Well...I like it, but somehow looks too old, not modern at all, like a retro car.


----------



## TD (Dec 19, 2001)

DougDogs said:


> Adrian's back :wave: :clap:
> 
> but, stop driving the X3, I have seen one a few times near the main office in NJ :tsk: :tsk: get yourself one of the new 6 series


 These images are currently posted to our public website at designworksusa.com (or click on the link in my signature). They are part of our design portfolio.

Clearly, we do not go through the effort to design a vehicle such as the one in these images purely for our own enjoyment. AG requested a design study. However, as with many/most models, our design is just one of the designs being considered for possible production. It's existence does not mean it will be produced.

We are very proud of this design, which is why it is displayed in our web portfolio. And we would love to see it produced. However, we do not know if it actually will be produced. That is not our decision to make.
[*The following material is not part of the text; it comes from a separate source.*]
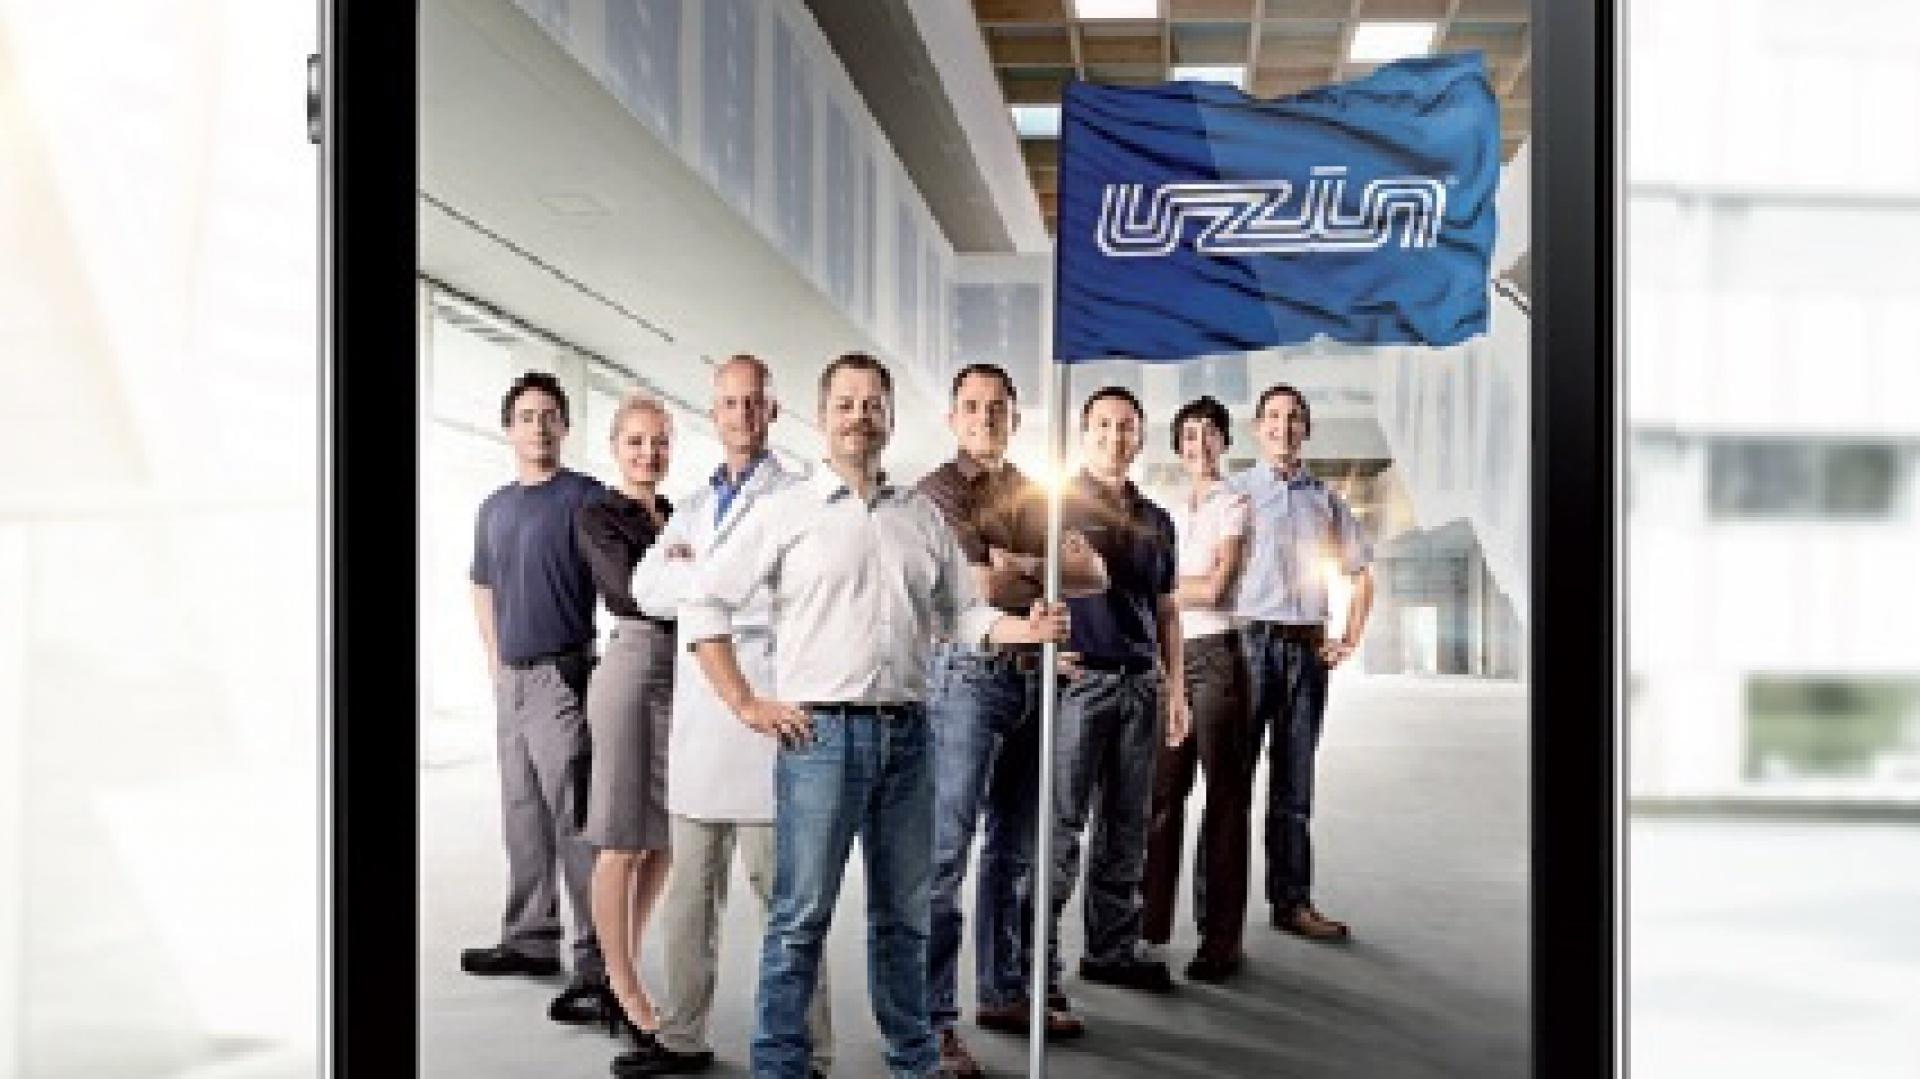 Aplikacja Uzin App zawiera bardzo przydatne na budowie funkcje, takie jak kalkulator zużycia, dzięki któremu można oszacować ilość produktu niezbędną dla danego projektu oraz kontakt do doradców technicznych i dystrybutorów. Fot. Archiwum

I hope this clears things up.

(And, Mr. Dogs, I have chosen the X3 because it's faux-masculinity matches my personality perfectly.)


----------



## PhilH (Jun 7, 2002)

All BSing aside, someone should tell BMW that they actually have a popular design on their hands. In a world where it's fashionable to bash Bangle, it's surprising that nearly 70% of car enthusiasts admit to liking a new BMW. A bunch of these guys are obviously VW owners as well, which is exactly the group to which the 1-series is being marketed.

http://forums.vwvortex.com/zerothread?id=1039419



> Like it (69%, 69 votes)
> 
> Dont like it (30%, 30 votes)
> 
> (99 total votes)


----------



## ARCHER (Dec 26, 2001)

Damn - I really like it! 

This is the most coherent BMW design I have seen in quite some time. :thumbup:


----------



## tgravo2 (Dec 7, 2002)

I think it looks cool


----------